[Django] #35751: Ordering a model via a m2m field creates unintended side effect for ForeignKeys

22 views
Skip to first unread message

Django

unread,
Sep 10, 2024, 2:31:22 PM9/10/24
to django-...@googlegroups.com
#35751: Ordering a model via a m2m field creates unintended side effect for
ForeignKeys
-------------------------------------+-------------------------------------
Reporter: capital-G | Type: Bug
Status: new | Component: Database
| layer (models, ORM)
Version: 5.1 | Severity: Normal
Keywords: ORM ordering | Triage Stage:
| Unreviewed
Has patch: 0 | Needs documentation: 0
Needs tests: 0 | Patch needs improvement: 0
Easy pickings: 0 | UI/UX: 0
-------------------------------------+-------------------------------------
Python 3.10 @ Django 5.1.1

Using a many to many relation for ordering (which is something you
shouldn't do?) will affect the traversing when the object in question is
accessed via a foreign key - the necessary left join for the ordering
"spills" into the ORM results, yielding n (number of foreign key
references) times m (number of many-to-many relations within the object)
times n objects instead of just the actual n objects.

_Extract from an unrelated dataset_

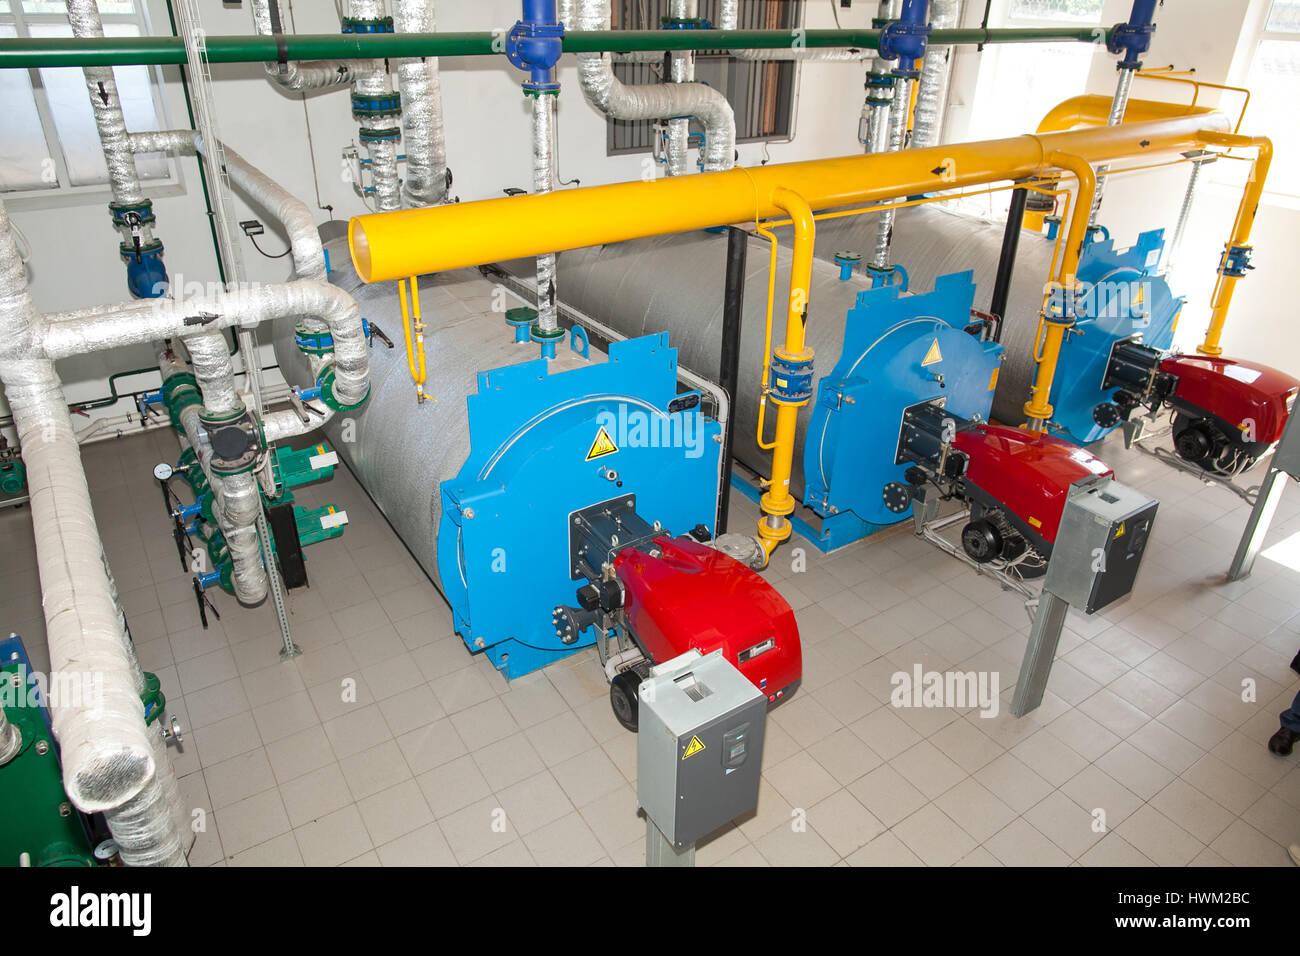 Industrial Gas Boiler Pipe Work Stock Photos & Industrial Gas Boiler ...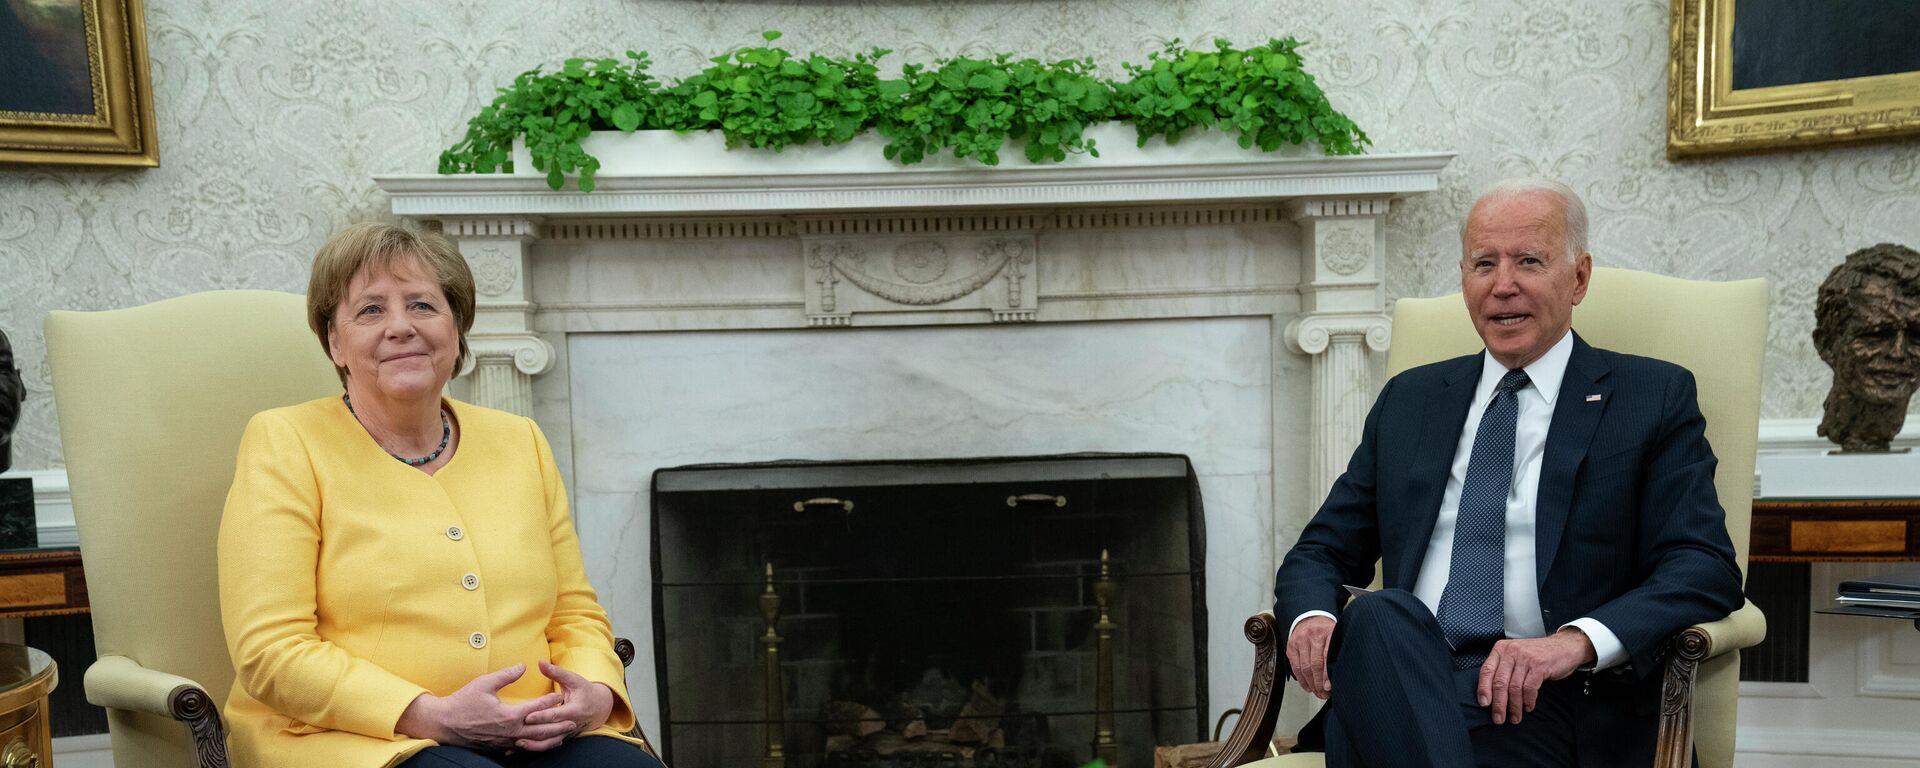 Bundeskanzlerin Angela Merkel und US-Präsident Joe Biden in Washington am 15.07.21 - SNA, 1920, 16.07.2021

If you comment out the ordering the ORM behaves as expected.

Th ORM results should not "multiply" due to an ordering configuration.

== How to reproduce

Given a toy `models.py` on a new project which looks like

{{{#!python
from django.db import models

class Order(models.Model):
pass

class BookingTime(models.Model):
date = models.DateTimeField(auto_now=True)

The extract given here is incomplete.